In the fall of 2002 I entered LaGuardia Community College. I started to make friends there and to enjoy my life. Still I am able to balance my socializing with my studying. I received a very good grade point average in my first semester there. Finally now mother realizes and appreciates that I have grown up.

I remember when I came for an interview to look for a job few months ago in a small company. The employer was a white man who stared at me from my head to toes. He asked if I can speak any English as if I am a fresh out the boat. His attitude made me feel his invisible privilege. He was so high up to over control my life. I did not get that job at the end. I think the reason was because I am a Chinese I am too normal. I am the other. The group which is being privileged is mostly identified: white male heterosexual gender-normative middle class. Anyone who varies from this mold is “Other”. They are the borders and marked as Different. Different people are defined by what they are not from the privileged group: the so-called “normal” the “average”. I am used to the racial prejudice right now. I am taking this class is because me as a Chinese woman need to learn how to correctly identify myself and educate other people fight for social injustice.

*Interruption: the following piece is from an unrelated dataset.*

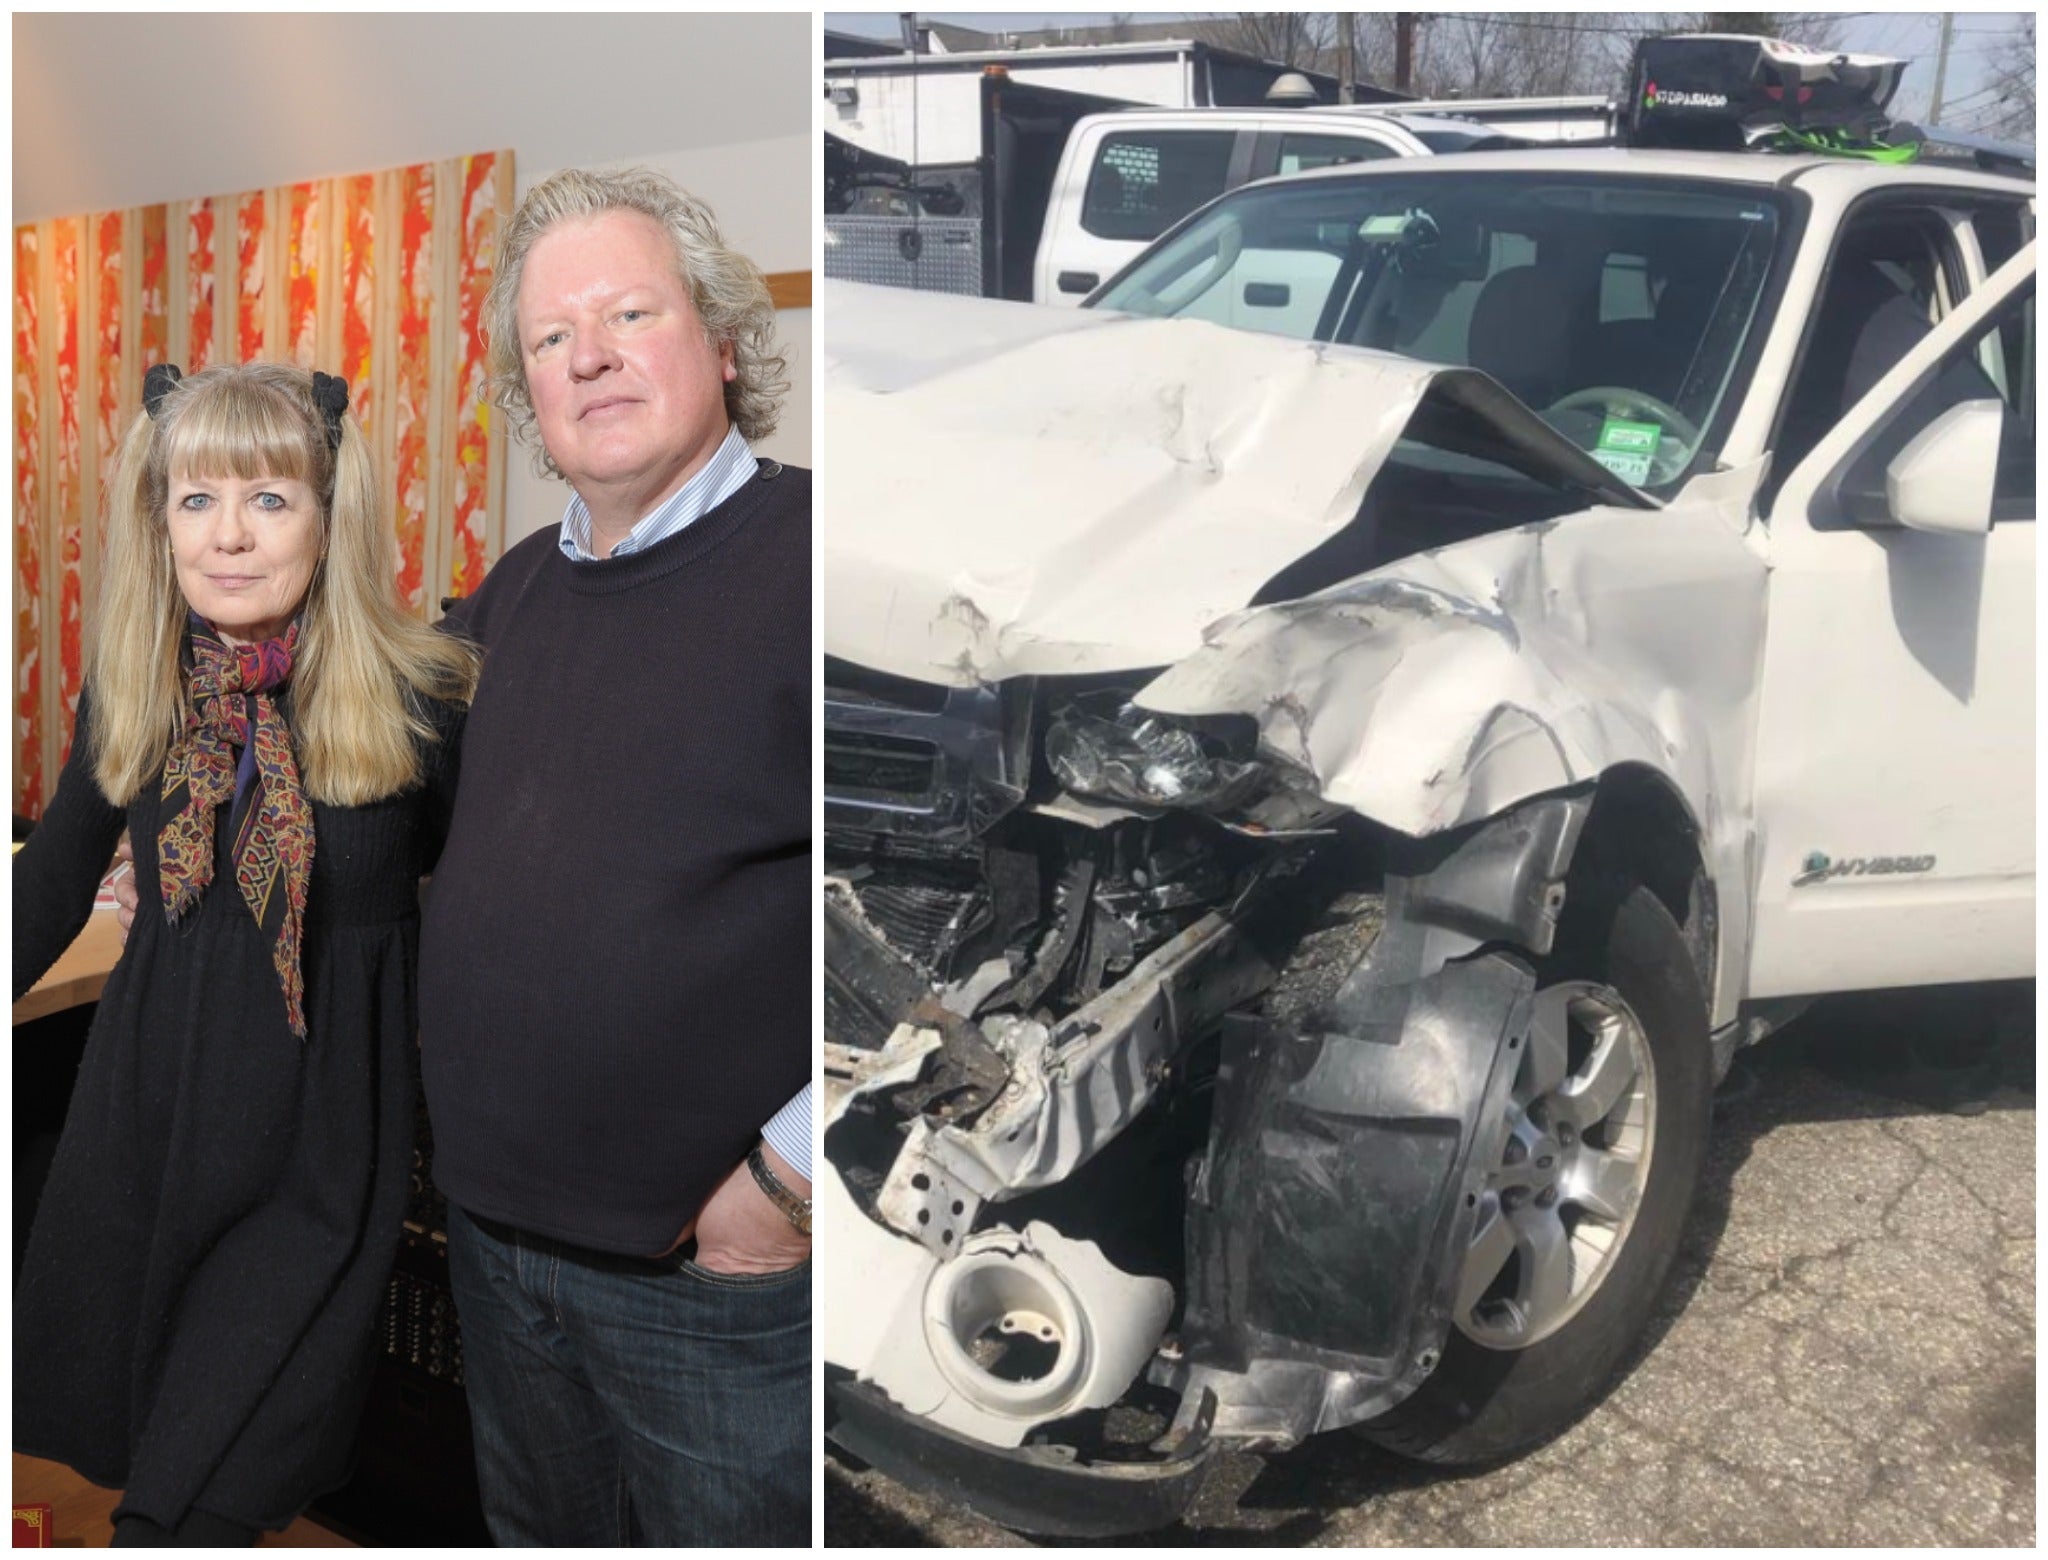 Tina Weymouth and Chris Frantz thanked their ‘guardian angels’ after surviving a serious car crash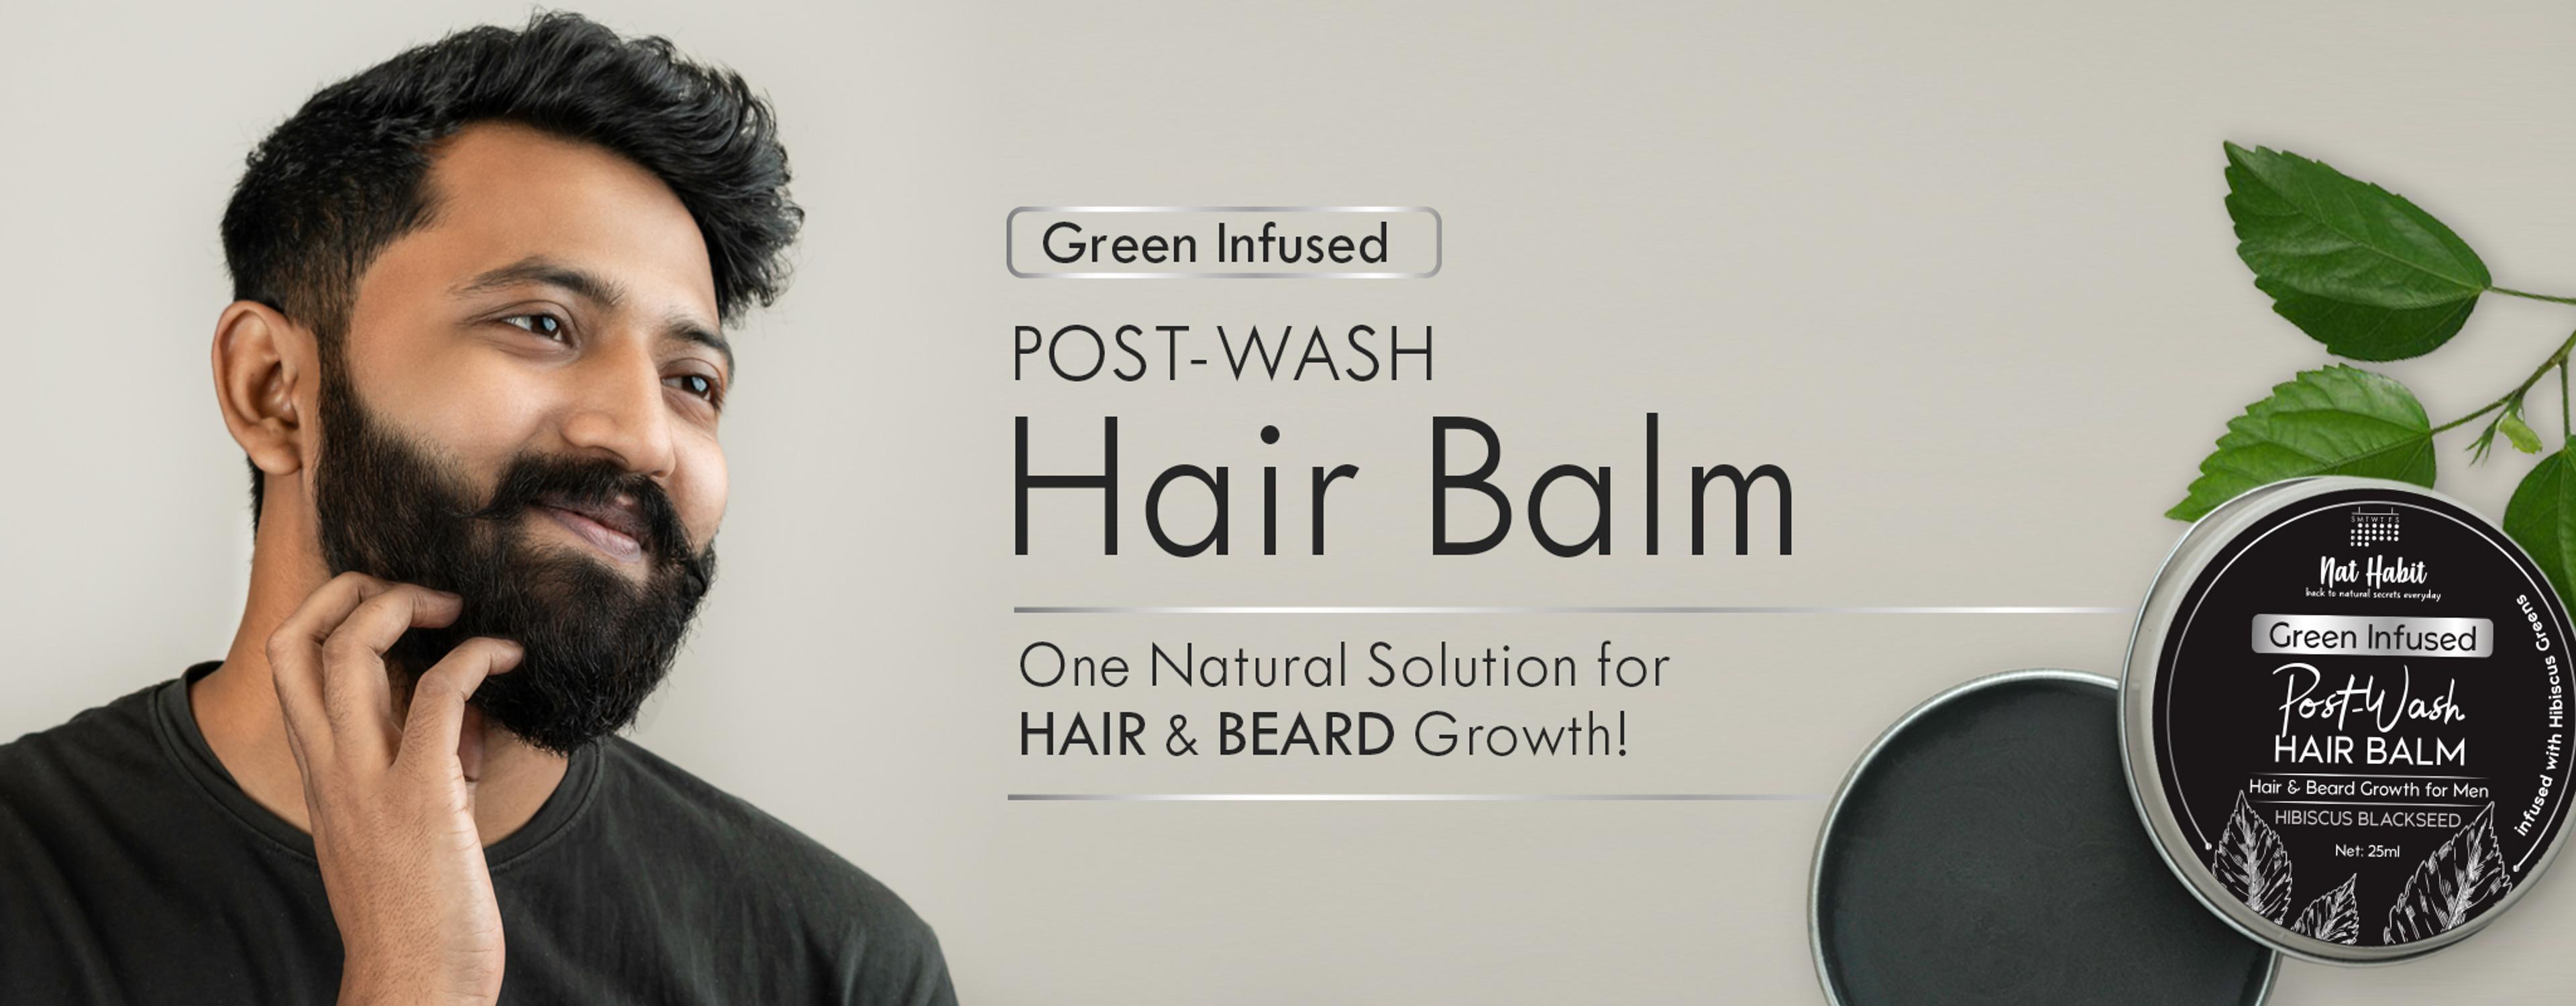 men_s-hair-balm-banner-website

This is my last semester in college. My current major is Woman studies and English. I am working towards my bachelor in art degree and will pursue the higher education. Being in such a multicultural and diverse city I always compare myself as a dragon verses the main stream as an eagle. I always find many things in common with them so that I don’t feel the big difference between me and them. Being a new emigrant I have to face many problems such as racism when I come to a new country and try to make a living. When I think about issues such as how race gender and class have impact on me I just over look at it because I have prevailed and make a place for myself I know that my American life just started. It is as long as a journey. My long term goal is to be part of the mainstream middle class and live the American dream. I believe that the theory of racism can be changed along with the progression each minority group has made. As a new generation of Chinese Americans I believe that I am able to find employment since I have studied many years in college. My skills and education will get me a good job in the near future.